This is the third installment of this year’s Team Entropy series, my recurring look not only at the races for the remaining playoff spots but the potential for end-of-season chaos in the form of down-to-the-wire suspense and even tiebreakers. Ideally, we want more ties than the men’s department at Macy’s. If you’re new to this, please read the introduction here.
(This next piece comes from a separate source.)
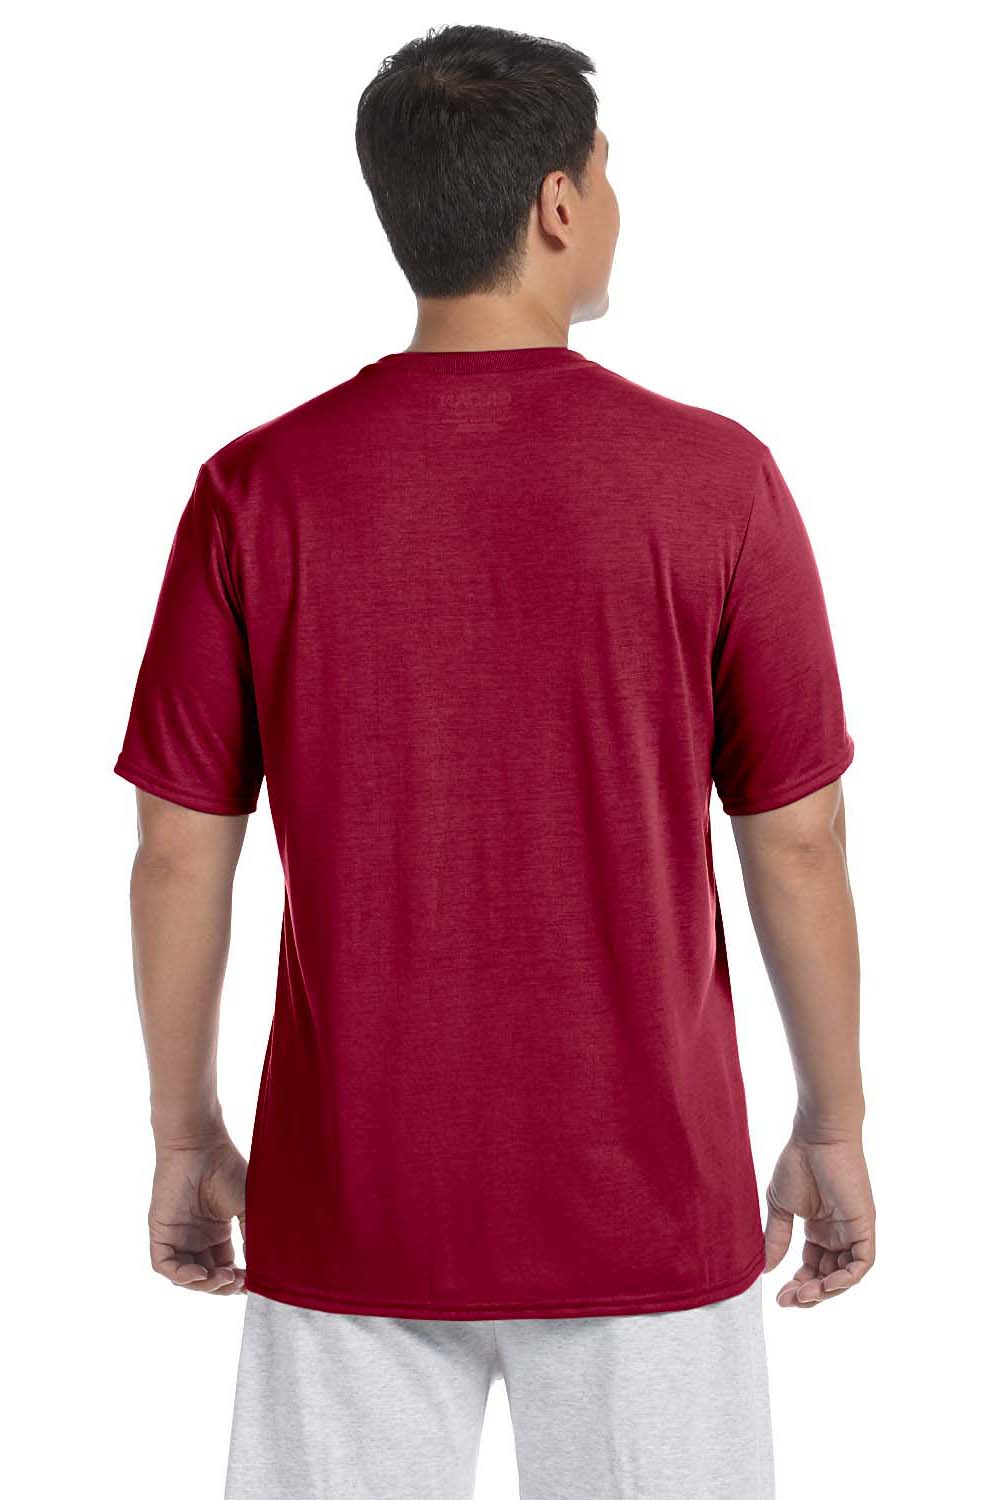 Gildan G420 Mens Performance Jersey Moisture Wicking Short Sleeve Crewneck T-Shirt Cardinal Red Back

We’re now inside of two weeks remaining in the 2021 season, and in both leagues, the playoff herds have thinned. With the Mets and Mariners both slipping in the Wild Card standings of their respective leagues, it appears that Major League Baseball’s heretofore unpublished five-way tiebreaker protocol will remain under wraps for another year, and time is running out for some other teams. Even so, there’s still a lot in play.

NL West and NL East

For starters, the race for the NL West flag is very much alive. The Giants won nine in a row from September 5-14, turning what had briefly been a tie with the Dodgers — which they broke with a season series-clinching win to kick off the streak — into a 2 1/2-game advantage. But after beating the Padres twice to start their four-game set at Oracle Park, the Giants lost the last two game of the series, and took “only” two of three agains the Braves this past weekend. Meanwhile the Dodgers split four games with the Cardinals in St. Louis, swept six games from the Padres and the Diamondbacks at home, and took two out of three from the Reds in Cincinnati, trimming the gap to a single game.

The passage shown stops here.